What you have to do>
Give again every line from the one with "Squier Affinity Series" through the last line of the data, exactly, and leave out the lines before it.

Data extracts>
- - -

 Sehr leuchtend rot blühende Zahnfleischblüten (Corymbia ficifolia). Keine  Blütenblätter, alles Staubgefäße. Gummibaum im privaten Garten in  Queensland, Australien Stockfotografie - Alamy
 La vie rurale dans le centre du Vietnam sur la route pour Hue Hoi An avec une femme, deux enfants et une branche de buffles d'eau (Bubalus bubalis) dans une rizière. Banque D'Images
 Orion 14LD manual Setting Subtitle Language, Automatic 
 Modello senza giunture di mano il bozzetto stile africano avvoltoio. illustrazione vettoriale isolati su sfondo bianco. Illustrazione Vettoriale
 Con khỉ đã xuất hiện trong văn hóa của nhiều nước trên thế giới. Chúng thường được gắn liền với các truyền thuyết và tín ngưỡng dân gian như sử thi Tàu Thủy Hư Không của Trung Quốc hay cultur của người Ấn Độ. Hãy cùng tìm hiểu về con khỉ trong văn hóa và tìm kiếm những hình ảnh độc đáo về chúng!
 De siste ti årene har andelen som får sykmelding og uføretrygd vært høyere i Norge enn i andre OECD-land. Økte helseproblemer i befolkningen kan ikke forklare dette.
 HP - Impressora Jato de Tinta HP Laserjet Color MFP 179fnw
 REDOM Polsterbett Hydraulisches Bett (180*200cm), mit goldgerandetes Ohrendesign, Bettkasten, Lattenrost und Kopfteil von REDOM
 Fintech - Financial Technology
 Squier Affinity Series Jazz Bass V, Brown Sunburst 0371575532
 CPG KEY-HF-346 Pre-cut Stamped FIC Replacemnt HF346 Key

- - -

Written solution>
 Squier Affinity Series Jazz Bass V, Brown Sunburst 0371575532
 CPG KEY-HF-346 Pre-cut Stamped FIC Replacemnt HF346 Key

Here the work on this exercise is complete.